To help determine compatibility, you might want to discuss the household responsibilities, similar to roommates in a rental situation. Important considerations include: who’s responsible for collecting and paying the mortgage, who will oversee maintenance and repairs, what the rules will be for pets, houseguests and other visitors, and how you will decide on home decor and the buying of furniture. These arrangements are more casual than the signing of a sales agreement, but it’s a good idea to put them all in writing.

Co-Ownership Agreements

Once you have a compatible partner or group, you’ll need to decide on how you will hold the title for the home. The two main options are Tenants in Common and Joint Tenancy with Right of Survivorship.

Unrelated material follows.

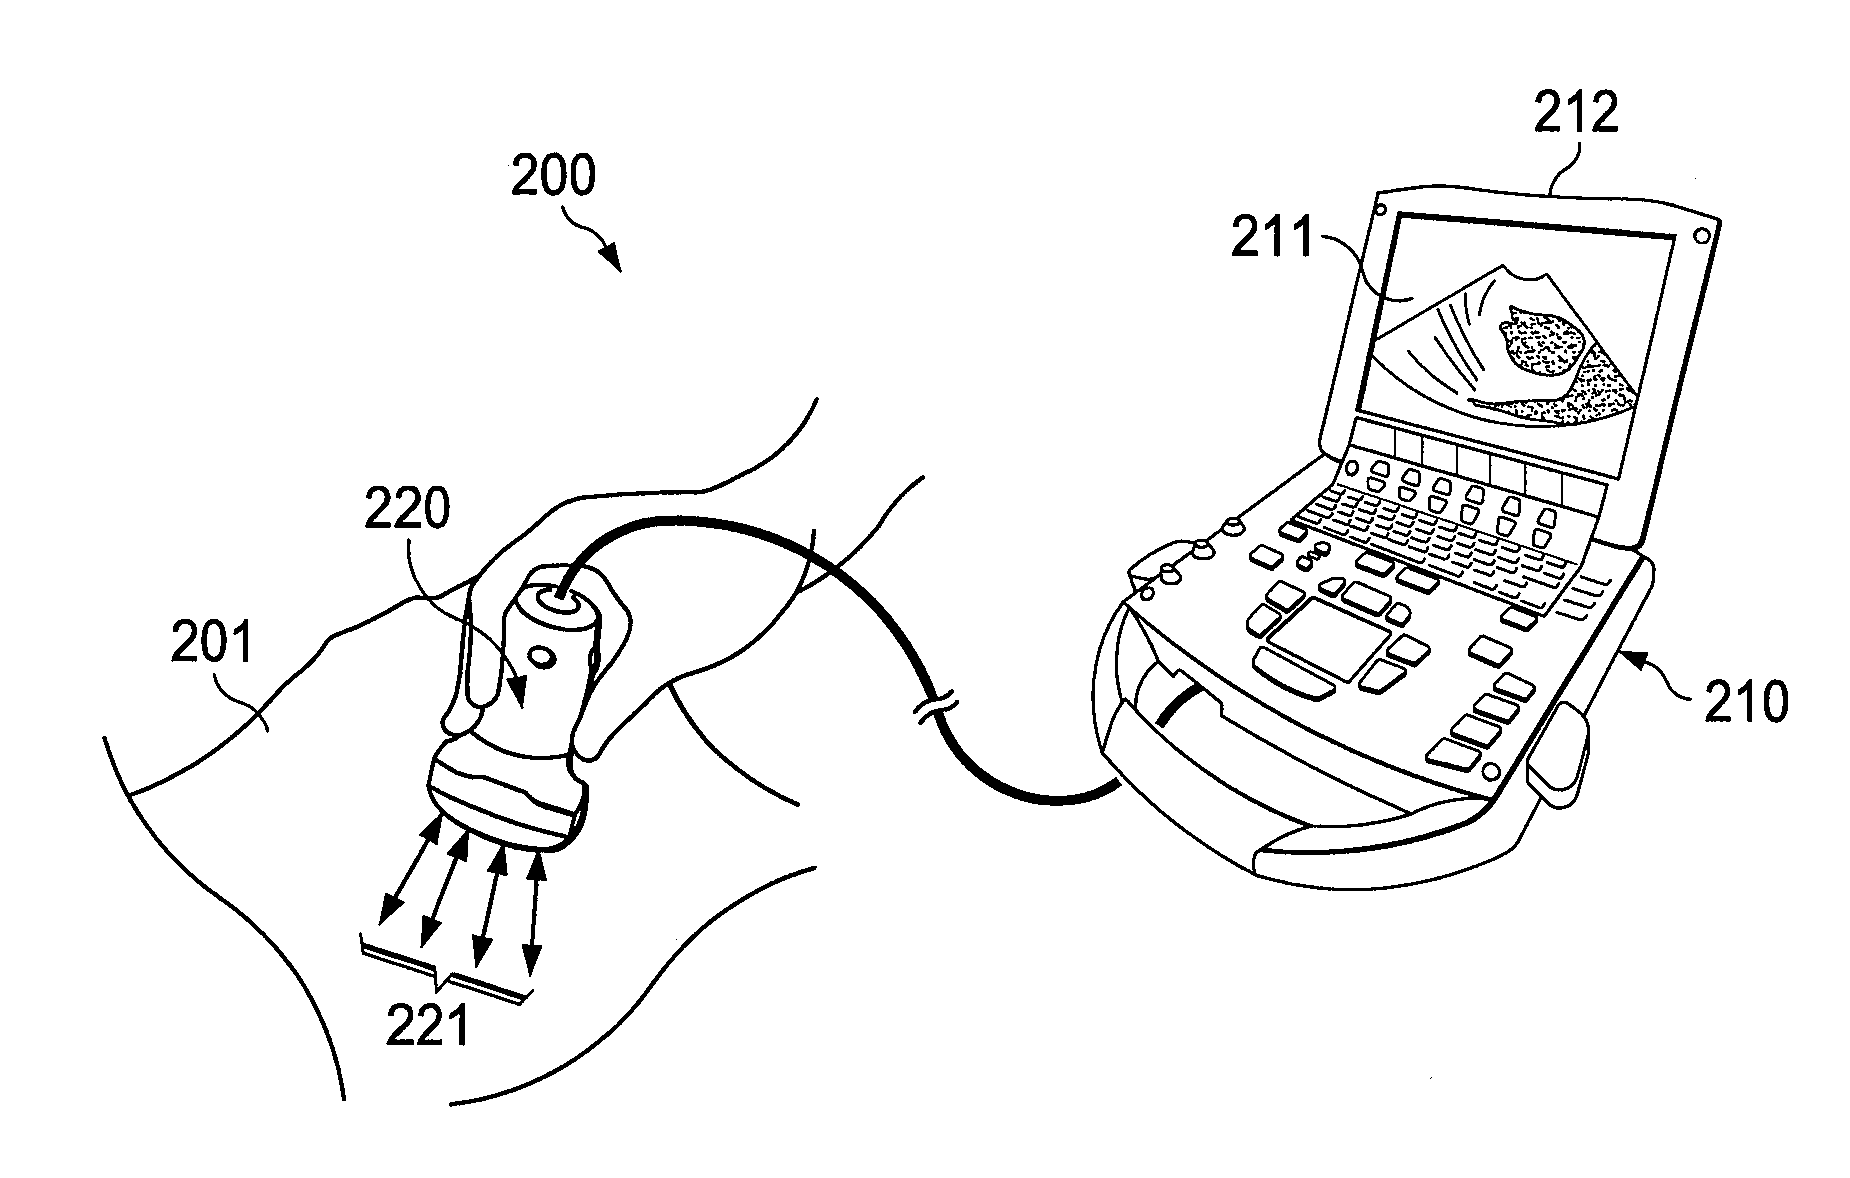 Systems and methods for beam enhancement

With Tenants in Common, each co-owner has the right to pass his share of the home to someone else by selling it or by willing it to an heir. Nolo says it’s the most common way for co-buyers to take title but the surviving co-owners might end up sharing the home with someone they don’t want to live with. One way to deal with that would be to have a provision that gives the surviving co-owners the first right of refusal in the sale of the available share.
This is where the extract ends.